» Task objective: Transcribe the listing that follows in full, omitting pictures.

» Stored data:
* * * * * * * * *

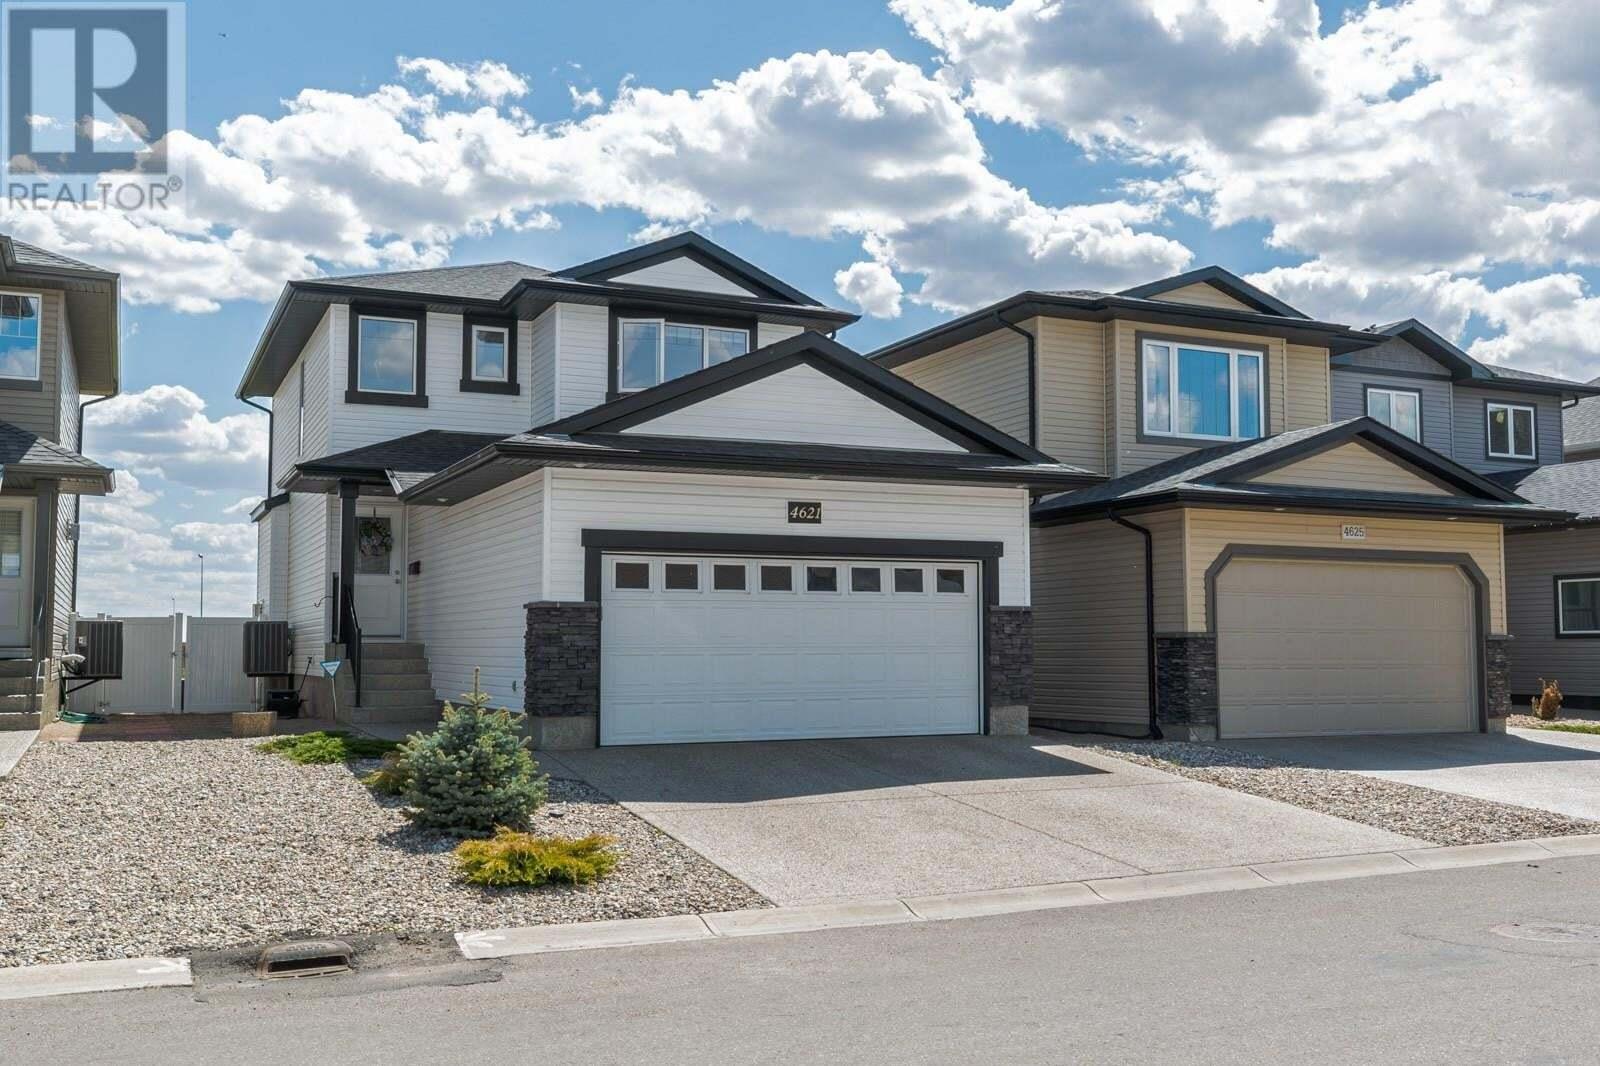 House for sale at 4621 Padwick Ave Regina Saskatchewan - MLS: SK809837
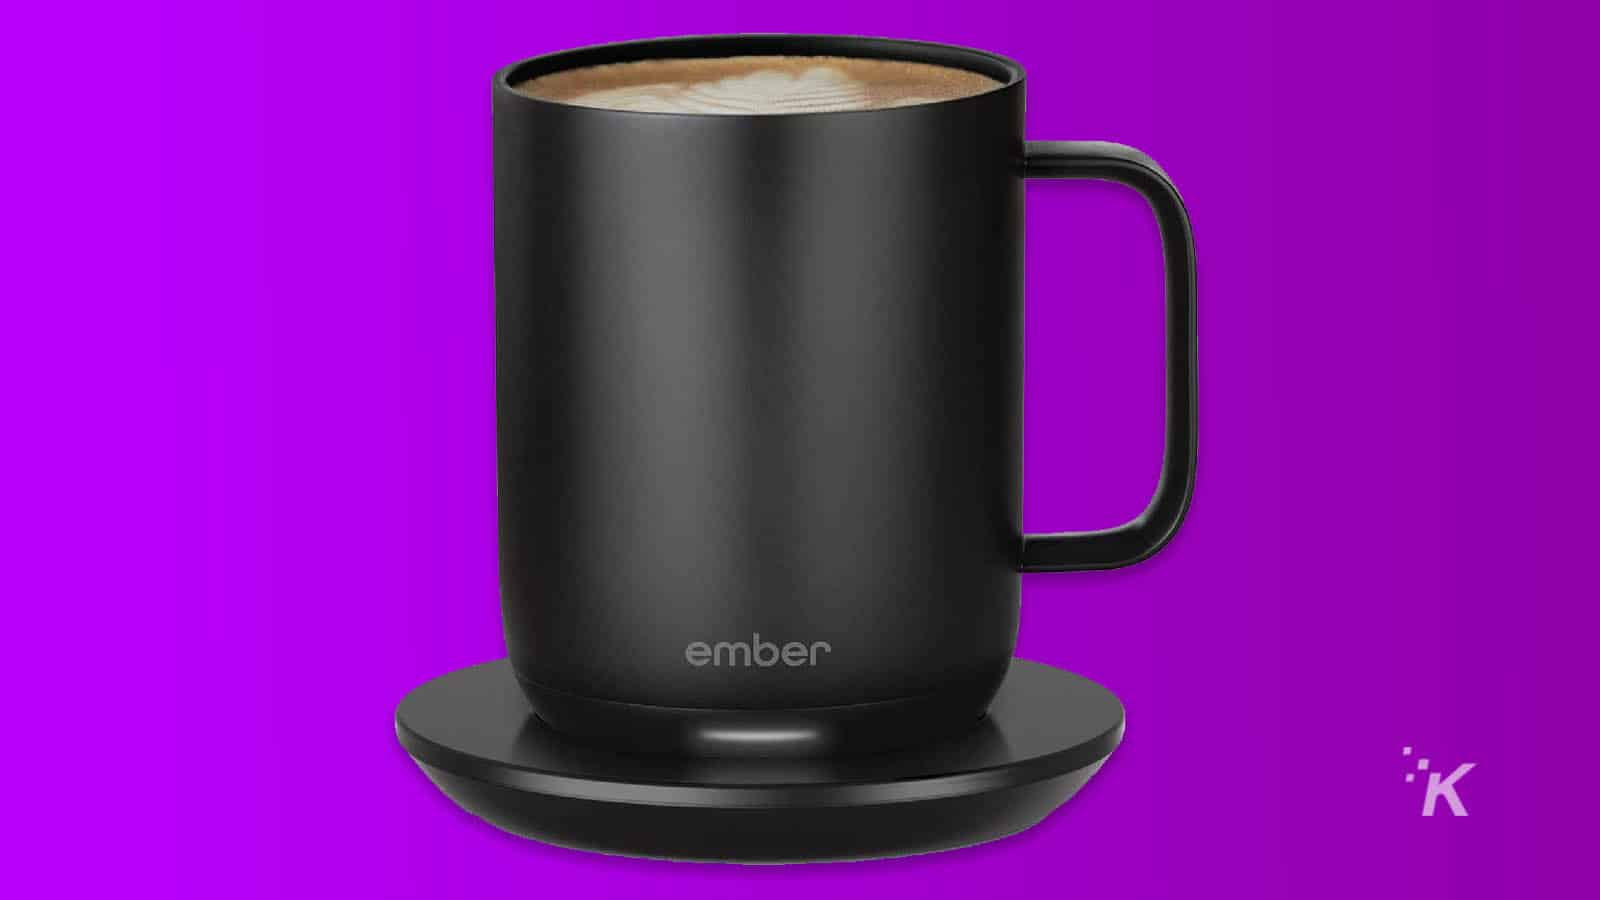 ember coffee mug for valentine's day
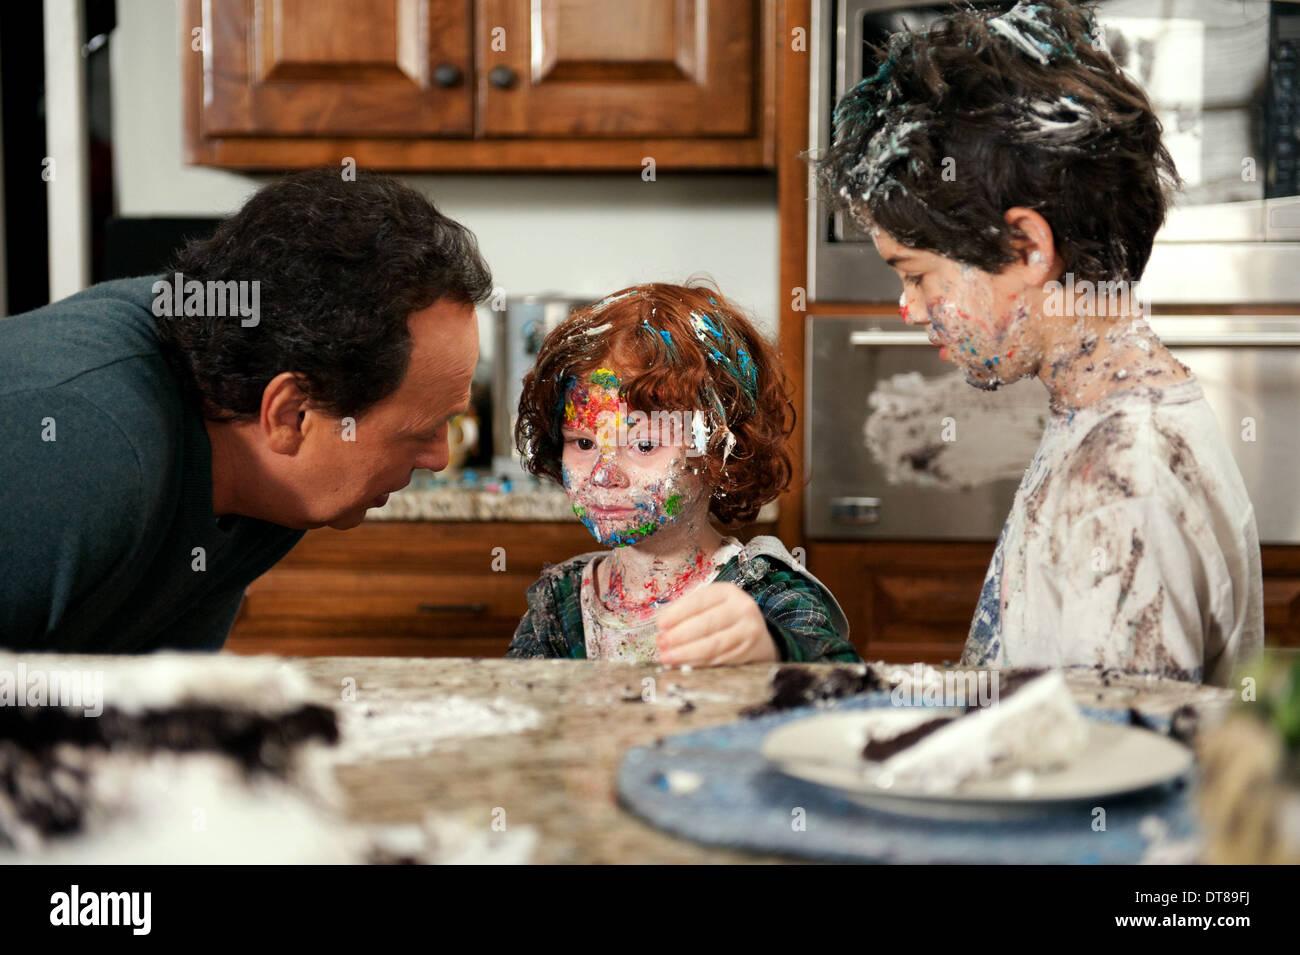 BILLY CRYSTAL KYLE HARRISON BREITKOPF & JOSHUA RUSH PARENTAL GUIDANCE (2012) - Stock Image
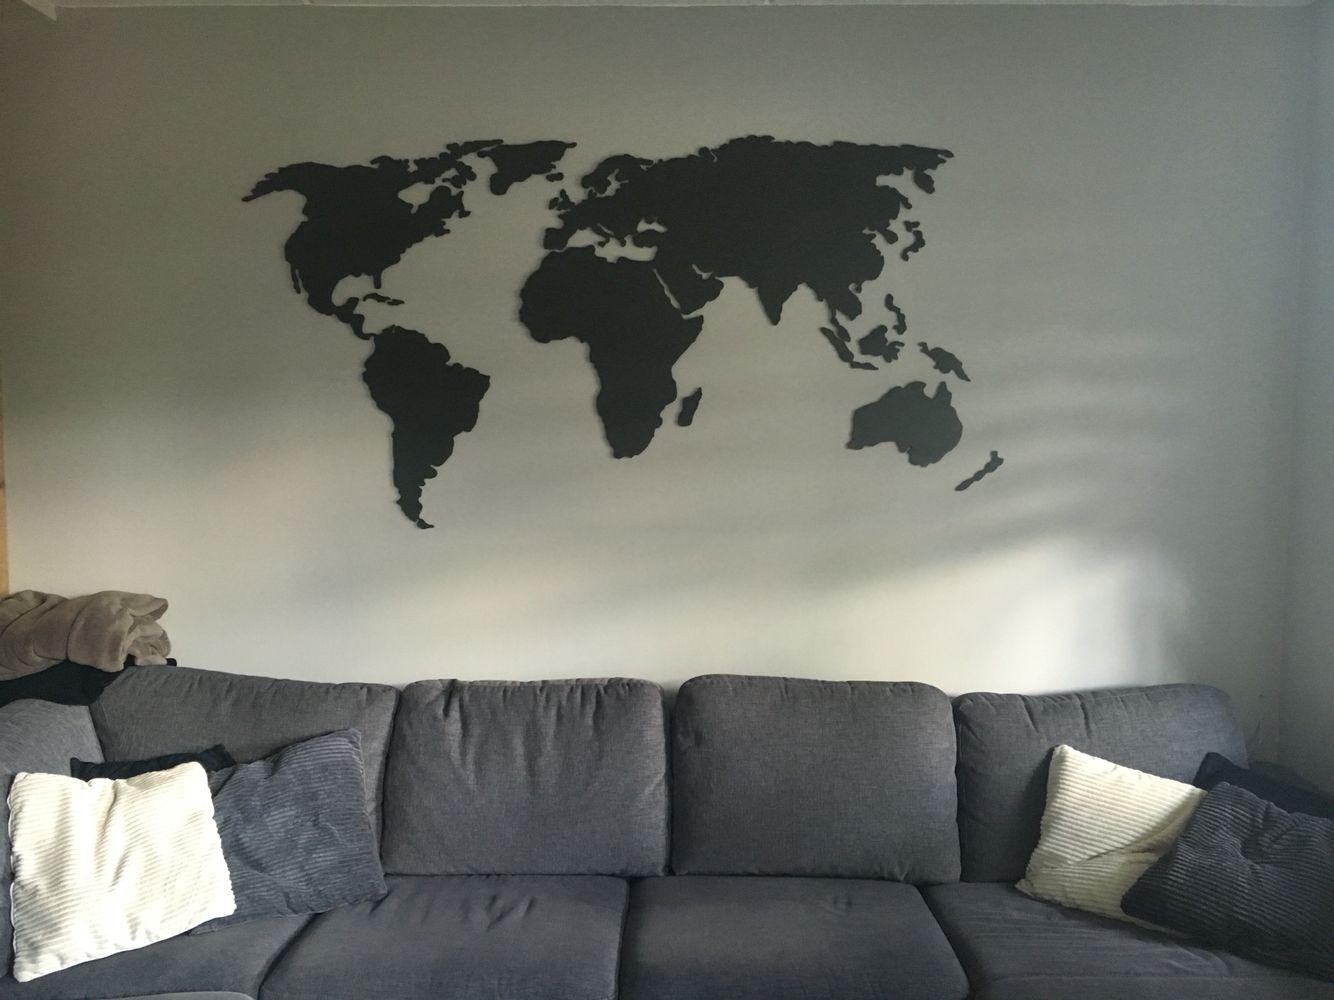 Woonkamer Met Wereldkaart : Stalen wereldkaart in de woonkamer 😍 woonkamer wereldkaart en

* * * * * * * * *

» Task solution:
 House for sale at 4621 Padwick Ave Regina Saskatchewan - MLS: SK809837
 ember coffee mug for valentine's day
 BILLY CRYSTAL KYLE HARRISON BREITKOPF & JOSHUA RUSH PARENTAL GUIDANCE (2012) - Stock Image
 Woonkamer Met Wereldkaart : Stalen wereldkaart in de woonkamer 😍 woonkamer wereldkaart en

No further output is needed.